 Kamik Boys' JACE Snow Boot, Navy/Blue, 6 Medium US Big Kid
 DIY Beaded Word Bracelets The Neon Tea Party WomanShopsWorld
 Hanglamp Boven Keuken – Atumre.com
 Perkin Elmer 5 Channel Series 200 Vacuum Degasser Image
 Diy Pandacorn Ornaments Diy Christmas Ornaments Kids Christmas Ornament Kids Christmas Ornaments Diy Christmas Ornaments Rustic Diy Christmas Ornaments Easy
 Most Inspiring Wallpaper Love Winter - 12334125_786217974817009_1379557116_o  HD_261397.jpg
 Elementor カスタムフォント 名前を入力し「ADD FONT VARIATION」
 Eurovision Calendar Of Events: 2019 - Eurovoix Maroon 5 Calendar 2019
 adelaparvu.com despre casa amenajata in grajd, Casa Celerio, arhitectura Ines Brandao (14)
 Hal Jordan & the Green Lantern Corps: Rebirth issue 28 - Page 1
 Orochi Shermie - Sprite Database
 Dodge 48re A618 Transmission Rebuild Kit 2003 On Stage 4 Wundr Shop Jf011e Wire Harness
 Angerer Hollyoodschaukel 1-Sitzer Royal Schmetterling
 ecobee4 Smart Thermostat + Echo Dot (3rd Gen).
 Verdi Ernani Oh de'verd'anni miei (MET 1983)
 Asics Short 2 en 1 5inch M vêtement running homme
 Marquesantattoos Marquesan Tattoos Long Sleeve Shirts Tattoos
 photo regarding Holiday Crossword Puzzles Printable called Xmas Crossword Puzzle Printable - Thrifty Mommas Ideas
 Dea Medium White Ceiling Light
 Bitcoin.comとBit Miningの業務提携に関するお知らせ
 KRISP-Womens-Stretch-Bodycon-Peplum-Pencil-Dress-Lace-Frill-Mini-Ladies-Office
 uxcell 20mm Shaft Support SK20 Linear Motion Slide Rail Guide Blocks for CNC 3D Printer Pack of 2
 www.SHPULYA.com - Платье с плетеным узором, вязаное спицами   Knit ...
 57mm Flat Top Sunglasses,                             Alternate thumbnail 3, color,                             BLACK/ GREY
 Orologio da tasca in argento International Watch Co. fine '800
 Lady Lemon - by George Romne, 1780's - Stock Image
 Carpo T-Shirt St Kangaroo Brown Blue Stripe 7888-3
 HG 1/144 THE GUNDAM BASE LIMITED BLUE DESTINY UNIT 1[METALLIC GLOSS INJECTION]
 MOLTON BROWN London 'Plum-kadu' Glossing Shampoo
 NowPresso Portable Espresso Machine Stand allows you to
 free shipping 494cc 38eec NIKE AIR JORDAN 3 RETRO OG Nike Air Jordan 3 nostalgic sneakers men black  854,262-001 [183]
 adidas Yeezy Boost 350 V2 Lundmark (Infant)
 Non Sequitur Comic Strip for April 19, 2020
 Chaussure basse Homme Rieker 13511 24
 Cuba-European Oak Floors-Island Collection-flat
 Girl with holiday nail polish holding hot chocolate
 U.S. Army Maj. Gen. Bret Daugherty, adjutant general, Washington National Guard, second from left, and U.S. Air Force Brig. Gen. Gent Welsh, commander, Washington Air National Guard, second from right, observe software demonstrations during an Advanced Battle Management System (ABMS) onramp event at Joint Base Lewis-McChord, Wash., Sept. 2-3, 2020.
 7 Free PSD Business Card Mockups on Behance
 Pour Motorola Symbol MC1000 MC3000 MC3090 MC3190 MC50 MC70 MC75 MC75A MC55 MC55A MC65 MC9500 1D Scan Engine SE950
+++++
# What this task involves
Write out the data above once more, exactly as it reads.

# Answer below
 Kamik Boys' JACE Snow Boot, Navy/Blue, 6 Medium US Big Kid
 DIY Beaded Word Bracelets The Neon Tea Party WomanShopsWorld
 Hanglamp Boven Keuken – Atumre.com
 Perkin Elmer 5 Channel Series 200 Vacuum Degasser Image
 Diy Pandacorn Ornaments Diy Christmas Ornaments Kids Christmas Ornament Kids Christmas Ornaments Diy Christmas Ornaments Rustic Diy Christmas Ornaments Easy
 Most Inspiring Wallpaper Love Winter - 12334125_786217974817009_1379557116_o  HD_261397.jpg
 Elementor カスタムフォント 名前を入力し「ADD FONT VARIATION」
 Eurovision Calendar Of Events: 2019 - Eurovoix Maroon 5 Calendar 2019
 adelaparvu.com despre casa amenajata in grajd, Casa Celerio, arhitectura Ines Brandao (14)
 Hal Jordan & the Green Lantern Corps: Rebirth issue 28 - Page 1
 Orochi Shermie - Sprite Database
 Dodge 48re A618 Transmission Rebuild Kit 2003 On Stage 4 Wundr Shop Jf011e Wire Harness
 Angerer Hollyoodschaukel 1-Sitzer Royal Schmetterling
 ecobee4 Smart Thermostat + Echo Dot (3rd Gen).
 Verdi Ernani Oh de'verd'anni miei (MET 1983)
 Asics Short 2 en 1 5inch M vêtement running homme
 Marquesantattoos Marquesan Tattoos Long Sleeve Shirts Tattoos
 photo regarding Holiday Crossword Puzzles Printable called Xmas Crossword Puzzle Printable - Thrifty Mommas Ideas
 Dea Medium White Ceiling Light
 Bitcoin.comとBit Miningの業務提携に関するお知らせ
 KRISP-Womens-Stretch-Bodycon-Peplum-Pencil-Dress-Lace-Frill-Mini-Ladies-Office
 uxcell 20mm Shaft Support SK20 Linear Motion Slide Rail Guide Blocks for CNC 3D Printer Pack of 2
 www.SHPULYA.com - Платье с плетеным узором, вязаное спицами   Knit ...
 57mm Flat Top Sunglasses,                             Alternate thumbnail 3, color,                             BLACK/ GREY
 Orologio da tasca in argento International Watch Co. fine '800
 Lady Lemon - by George Romne, 1780's - Stock Image
 Carpo T-Shirt St Kangaroo Brown Blue Stripe 7888-3
 HG 1/144 THE GUNDAM BASE LIMITED BLUE DESTINY UNIT 1[METALLIC GLOSS INJECTION]
 MOLTON BROWN London 'Plum-kadu' Glossing Shampoo
 NowPresso Portable Espresso Machine Stand allows you to
 free shipping 494cc 38eec NIKE AIR JORDAN 3 RETRO OG Nike Air Jordan 3 nostalgic sneakers men black  854,262-001 [183]
 adidas Yeezy Boost 350 V2 Lundmark (Infant)
 Non Sequitur Comic Strip for April 19, 2020
 Chaussure basse Homme Rieker 13511 24
 Cuba-European Oak Floors-Island Collection-flat
 Girl with holiday nail polish holding hot chocolate
 U.S. Army Maj. Gen. Bret Daugherty, adjutant general, Washington National Guard, second from left, and U.S. Air Force Brig. Gen. Gent Welsh, commander, Washington Air National Guard, second from right, observe software demonstrations during an Advanced Battle Management System (ABMS) onramp event at Joint Base Lewis-McChord, Wash., Sept. 2-3, 2020.
 7 Free PSD Business Card Mockups on Behance
 Pour Motorola Symbol MC1000 MC3000 MC3090 MC3190 MC50 MC70 MC75 MC75A MC55 MC55A MC65 MC9500 1D Scan Engine SE950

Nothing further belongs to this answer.